In insects the fat body plays a fundamental role in energy metabolism. It is the principal site for storage of both glycogen and triacylglycerol (TG). Physiological mechanisms must operate to accumulate energy stores, either as glycogen or TG, during times of excess energy intake, e.g., during larval development, or to mobilize energy stores during times of need, e.g., flight or starvation. Clearly an understanding of these mechanisms is of fundamental importance in insect biochemistry/physiology, and may provide information useful for the development of insect-specific control strategies. The long-range goal of this project is to characterize the signal transduction systems involved in glycogen and TG mobilization in insect fat body. In the initial stages of the project the experimental insect will be larvae and adults of M. sexta which exhibit predominately a glycogenolytic effect of AKH in the larval stage and a predominately lipolytic effect of AKH in adults. This means we can study either glycogenolysis or lipolysis depending on which life stage of the insecxt is selected. In the long-range we plan to use the reagents and insights developed from studies on M. sexta to investigate regulation of energy metabolism in the fat body of the mosquito, Aedes aegypti. The specific aims of this proposal re: To characterize the fat body hormone sensitive lipase, and, in particular, to determine the mechanism of it phosphorylation and to test the hypothesis that phosphorylation of the enzyme activates lipolysis because phosphorylation of the enzyme leads to translocation from the cytoplasm to the fat droplet; To determine the pathway for diacylglycerol synthesis in fat body which is activated by lipolysis of the triacylglycerol stores, and to characterize regulation of the pathway; To determine if trehalose synthesis is regulated during glycogenolysis, and, in particular, to test the hypothesis that fructose- 2,6-bisphophate plays an important regulatory role by inhibiting glycolysis and thereby shunting glucose-1-phosphate into trehalose synthesis; To determine the role of the cAMP-dependent protein kinase in regulating glycogenolysis and lipolysis; To determine the relative importance of calcium ion and protein phosphorylation in activating phosphorylase kinase, which is the key enzyme in activating glycogen phosphorylase and, hence, glycogenolysis.

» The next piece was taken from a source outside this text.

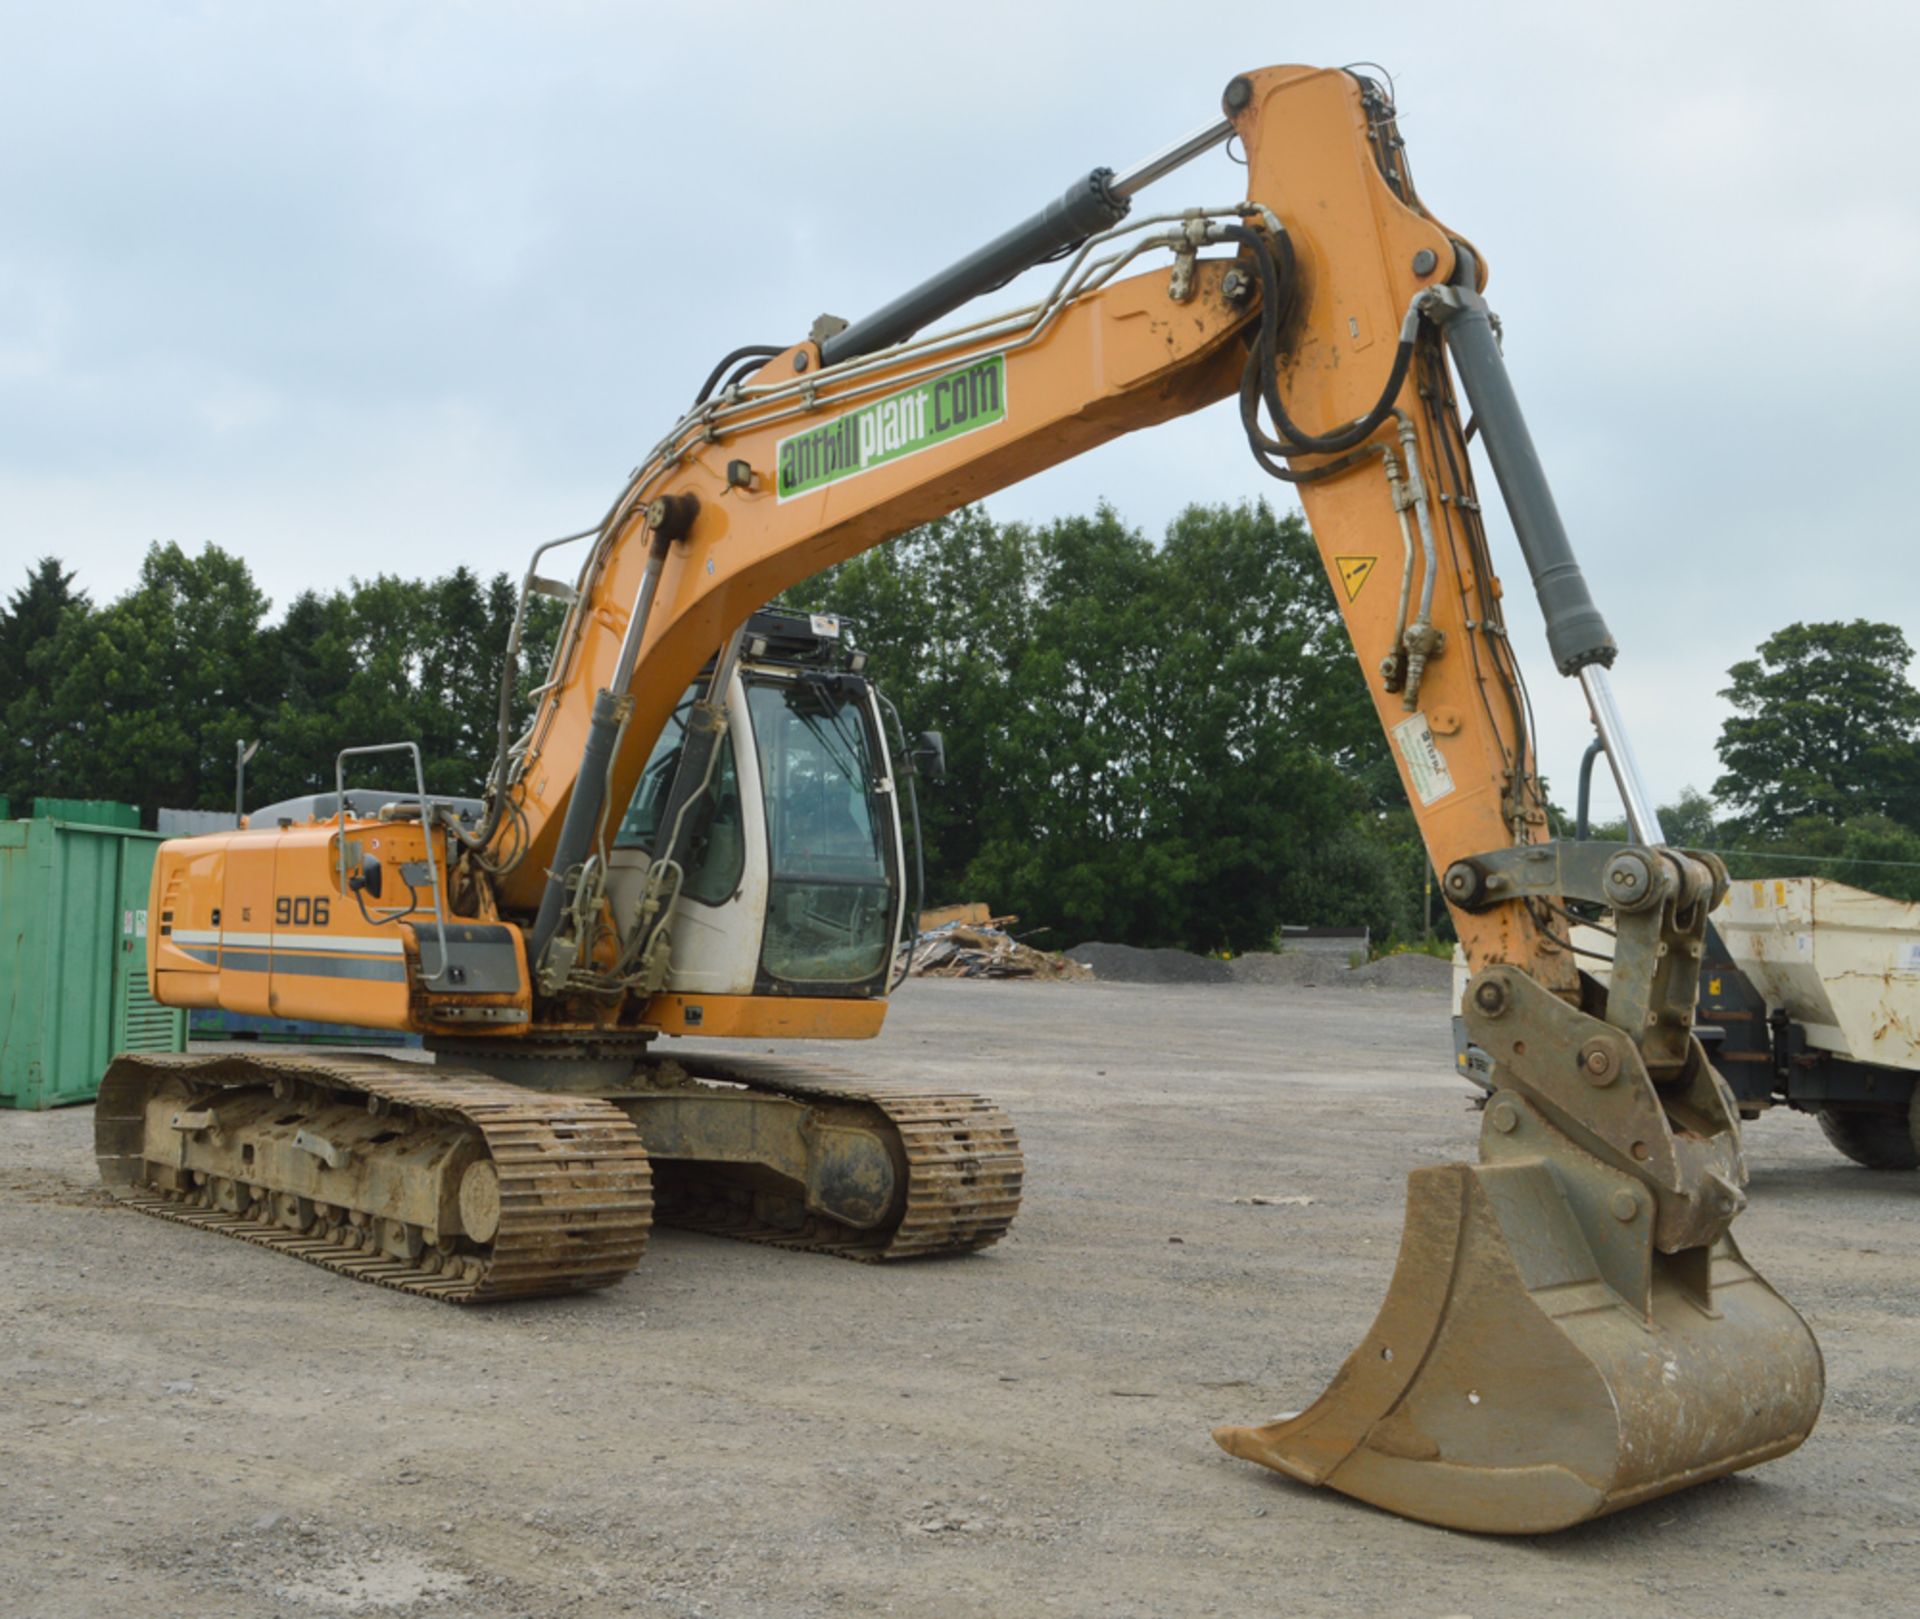 Liebherr R906 LC Litronic 23 tonne steel tracked excavator  Year: 2013 S/N: WLHZ1283JZCO37687 - Image 4 of 14
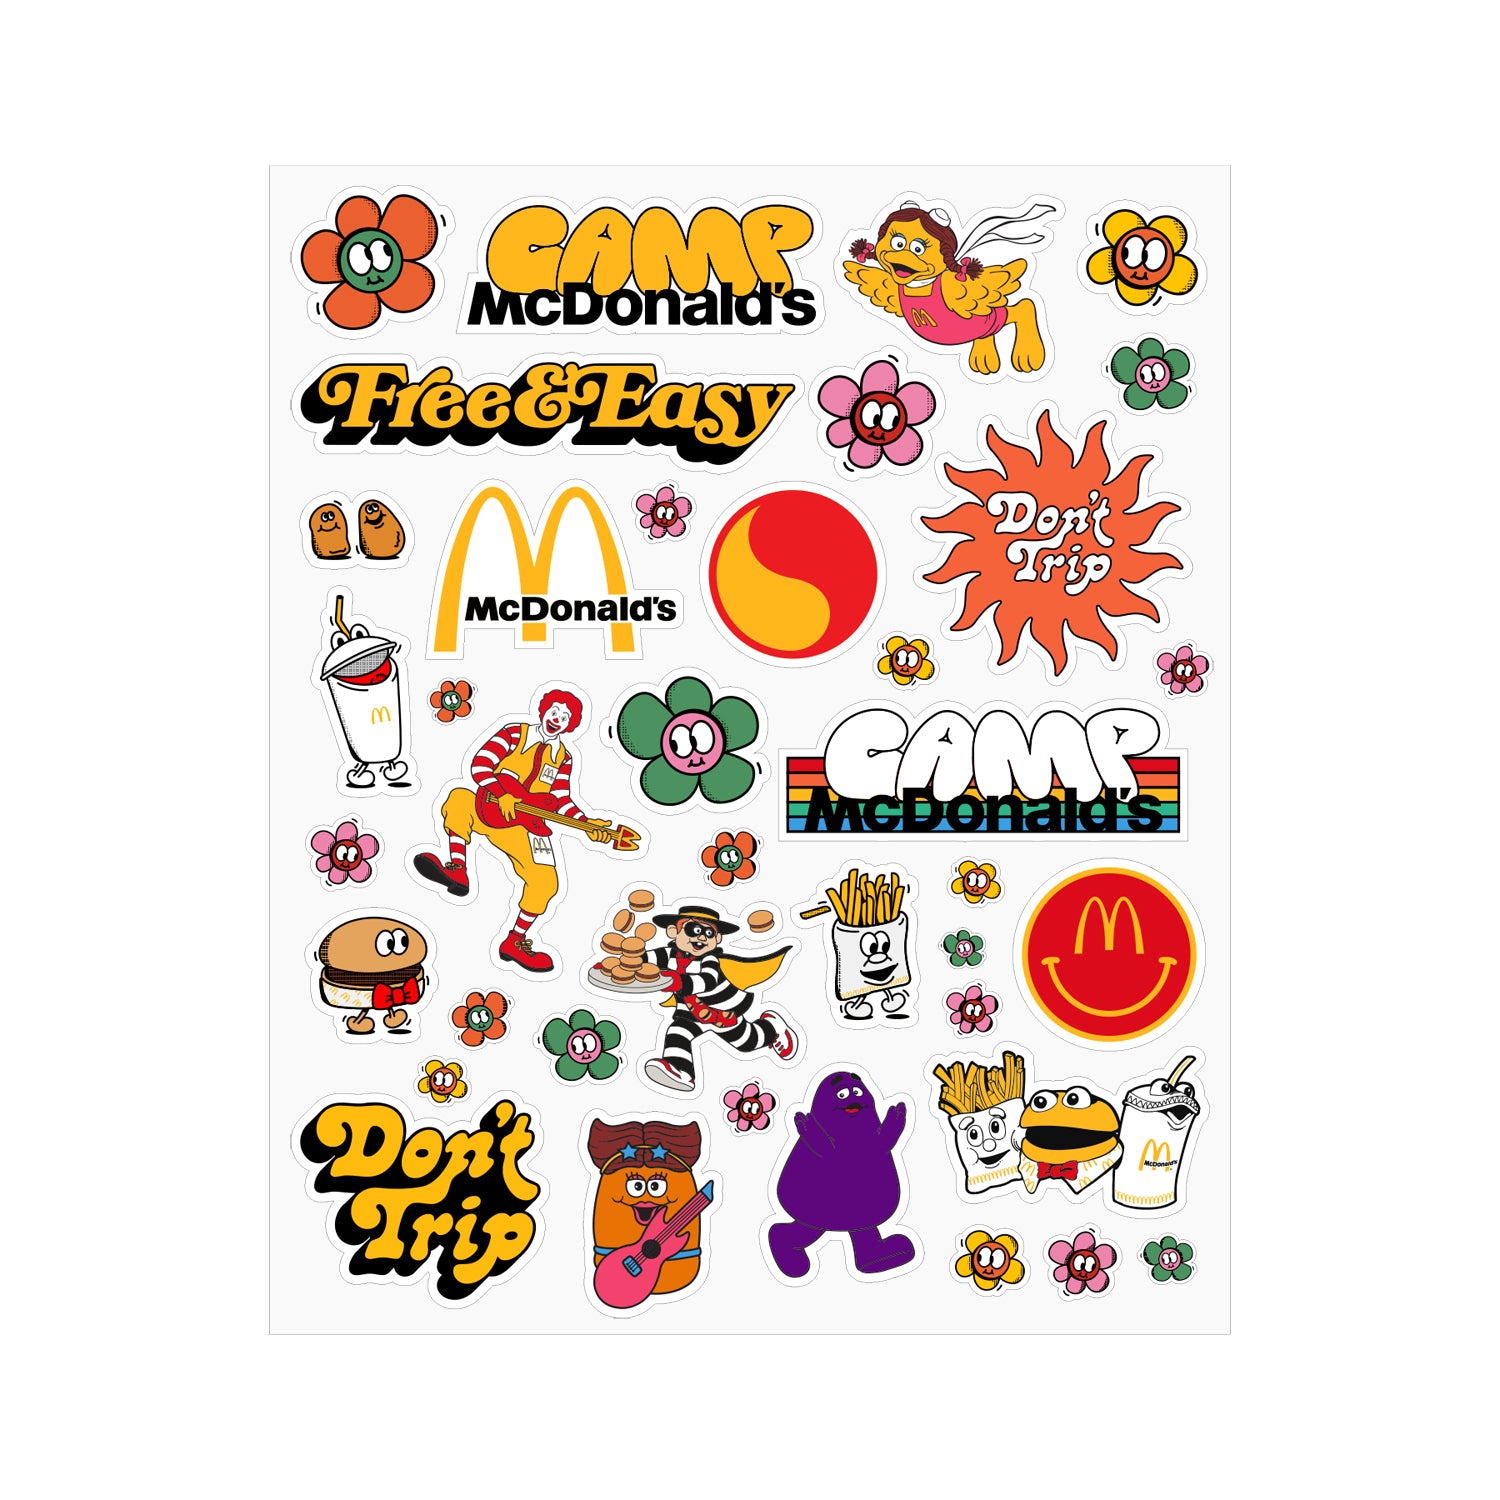 Mcdonald's Free & Easy assorted sticker sheet with 39 multicolor stickers on a white background -Free & Easy

在昆虫中，脂肪体在能量代谢中起着基本作用。 它 是存储糖原和三酰基甘油的主要部位 （TG）。 生理机制必须运行以积累能量存储， 作为糖原或TG，在多余的能量摄入时期，例如 在幼虫发育期间，或在 需要，例如飞行或饥饿。 显然是对这些的理解 机制在昆虫生物化学/生理学中至关重要， 并可能提供有助于开发昆虫特异性的信息 控制策略。 该项目的远程目标是表征信号 参与糖原和TG动员昆虫的转导系统 胖身体。 在项目的初始阶段，实验昆虫 将是M. sexta的幼虫和成年人，主要表现为 AKH在幼虫阶段的糖原解释作用，主要是 AKH在成人中的脂解作用。 这意味着我们可以学习 糖原分解或脂解，具体取决于ISECXT的生命阶段 选择。 在远程中，我们计划使用试剂和见解 从对塞克斯氏菌的研究开发以研究能量的调节 蚊子的脂肪体内的代谢，埃及埃及。 该提案的具体目的是：表征脂肪的身体 激素敏感脂肪酶，特别是确定机制 IT磷酸化并检验的假设是 酶激活脂解是因为酶的磷酸化导致 从细胞质转移到脂肪滴；确定 脂肪体中二酰基甘油合成的途径，这被激活 三酰基甘油储存的脂解，并表征 路径；确定是否调节海藻糖合成 糖原分解，尤其是为了检验果糖 - 2,6-生物磷酸盐通过抑制起着重要的调节作用 糖酵解，从而将葡萄糖1-磷酸分类为海藻糖 合成;确定依赖CAMP的蛋白激酶在 调节糖原分解和脂解；确定亲戚 钙离子和蛋白质磷酸化在激活中的重要性 磷酸化酶激酶，这是激活糖原的关键酶 磷酸化酶，因此，糖原分解。